- Royce Mendes
Managing Director and Head of Macro Strategy
Playing Not to Lose
After cutting rates another 25 basis points in October, Canadian central bankers made a bold statement: they claimed that they now felt rates were low enough to return the economy to full health. With the policy rate at the lower end of their estimated neutral rate range—and still higher than its peak of 1.75% between the Global Financial Crisis and the pandemic—it’s difficult to see how central bankers can have any confidence that the current 2.25% interest rate setting is low enough to heal the ailing economy. Despite the latest strong labour force survey and GDP figures, Canada's economy still looks fragile.
But reading between the lines of the October Monetary Policy Report, it seems as if something else is at play. Central bankers are very afraid of another bout of inflation. So rather than being confident that they have done enough, they are really saying that they have done as much as they think they can.
Former Bank of Canada Governor Stephen Poloz recently said that the institution was in “risk-management mode.” A sports analogy might be even more apt. It looks like the central bank is playing not to lose rather than trying to win.
The COVID-induced inflation spike appears to have scarred those in the institution. With very little evidence outside of anecdotes, central bankers are now explicitly building in an additional push on inflation from Canadian businesses reorienting supply chains and seeking out new markets to sell their wares. There’s no doubt that this is an upside risk to the inflation outlook, but to build it into the base case forecast is jumping the gun. Most measures of underlying inflation point to benign conditions.
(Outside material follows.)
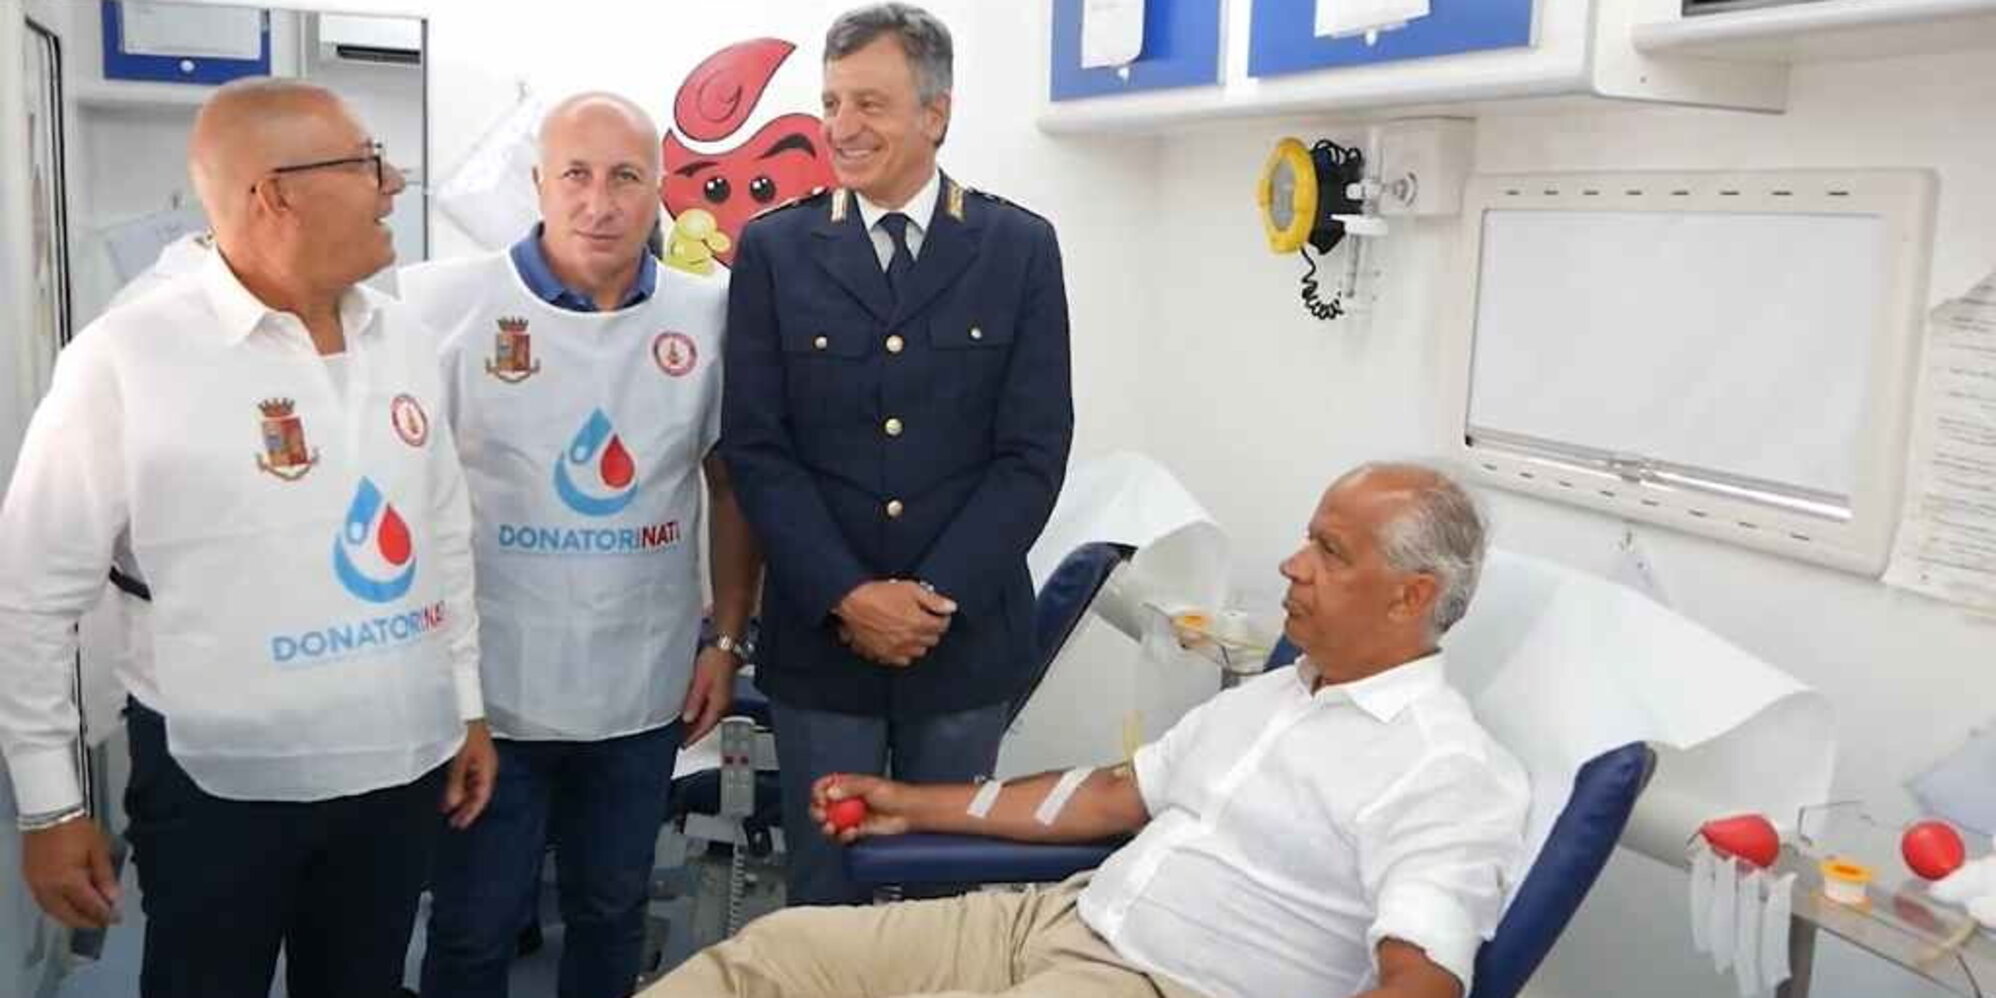 Sbarchi fuori controllo, Piantedosi cerca di rifarsi un'immagine donando sangue in favore di fotografo

What central bankers don’t seem to be giving enough weight to in their calculus is the risk that interest rates at these levels will choke off a prospective cycle of business investment. The federal government has high hopes for crowding in private capital and has made clear strides to spur business investment. Separately, the AI revolution south of the border may soon begin spilling over into Canada more clearly, as firms figure out how to operationalize the tools that have been developed. The latest productivity numbers show that businesses have also begun to adapt to the new trade dynamic with the US. Firms have become leaner, but production is still growing. It would be a shame if central bankers snuffed out these prospects.
Because the Bank of Canada was so clear and forceful in its messaging (outside of the obtuse language suggesting that they can change their mind if conditions change), we are no longer forecasting any more cuts for this cycle. We expect the Bank of Canada will maintain the language from the last statement about the current level of rates being appropriate. However, for the next six months or so, until fiscal policy becomes a more important player, the Bank of Canada is the only game in town for the economy. If evidence emerges that their cost-push inflation theory has led them astray, they will need to change tack quickly. There’s too much at stake to delay further easing unnecessarily. They need to play to win.